On Thu, Sep 27, 2012 at 10:39 AM, Jeff King <p...@peff.net> wrote:
> On Thu, Sep 27, 2012 at 08:51:51AM -0700, Shawn O. Pearce wrote:
>> On Thu, Sep 27, 2012 at 5:17 AM, Nguyen Thai Ngoc Duy <pclo...@gmail.com> 
>> wrote:
>> > I'd like to see some sort of extension mechanism like in
>> > $GIT_DIR/index, so that we don't have to increase pack index version
>> > often. What I have in mind is optional commit cache to speed up
>> > rev-list and merge, which could be stored in pack index too.
>> Can you share some of your ideas?
> Some of it is here:
>   http://article.gmane.org/gmane.comp.version-control.git/203308

Quoting from that patch:

On  2012-08-12 Nguyen Thai Ngoc Duy <pclo...@gmail.com> wrote:
> Long term we might gain slight lookup speedup if we know object type
> as search region is made smaller. But for that to happen, we need to
> propagate object type hint down to find_pack_entry_one() and friends.
> Possible thing to do, I think.

I'm not sure reclustering the index by object type is going to make a
worthwhile difference. Of 2.2m objects in the Linux tree, 320k are
commits.
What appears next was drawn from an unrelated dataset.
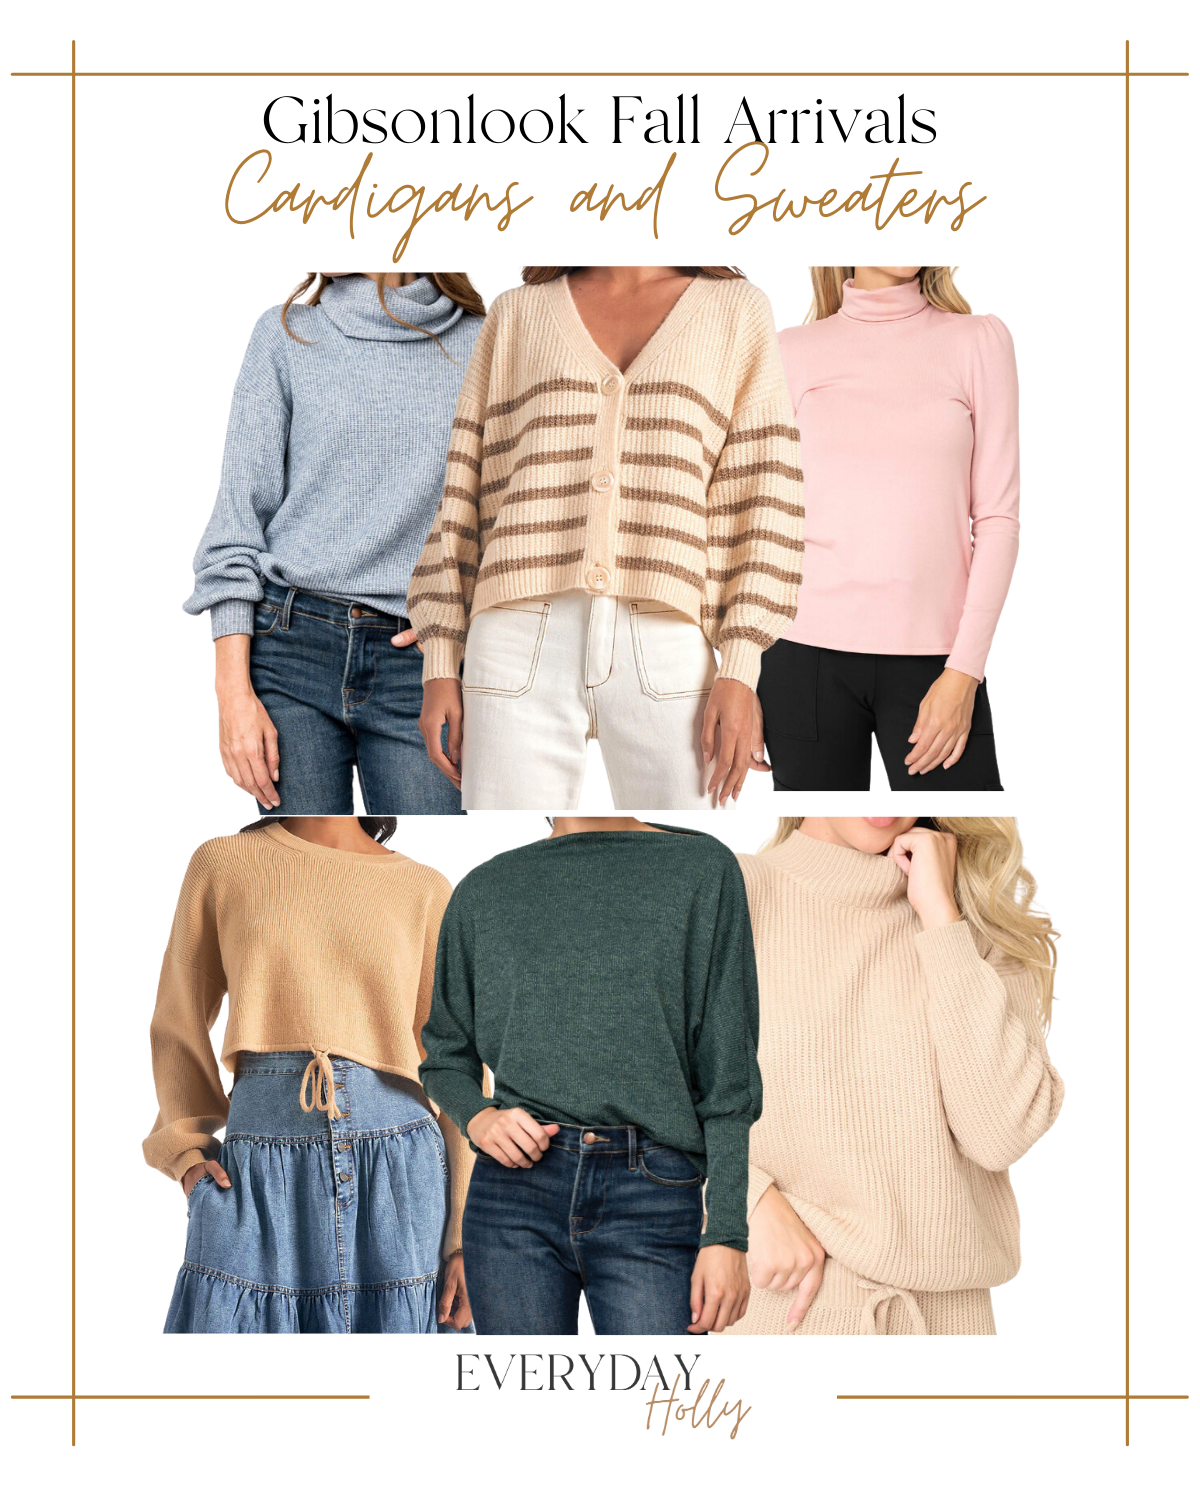 fall pieces you will want in your closet | #fall #autumn #wardrobe #closet #gibsonlook #fashion #fallfashion #turtleneck #cowlneck #cardigan #stripes #neutral #drawstring #hoodie #slouchy #relaxed #oversized

The difference between doing the binary search through all
objects vs. just commits is only 2 iterations more of binary search if
we assume the per-type ranges have their own fan-out tables.

> The main reason to group objects by type is to make it possible to
> create another sha1->something mapping for a particular object type,
> without wasting space for storing sha-1 keys again. For example, we
> can store commit caches, tree caches... at the end of the index as
> extensions.

Using ordinal position in the pack also works, and doesn't require
clustering objects by type.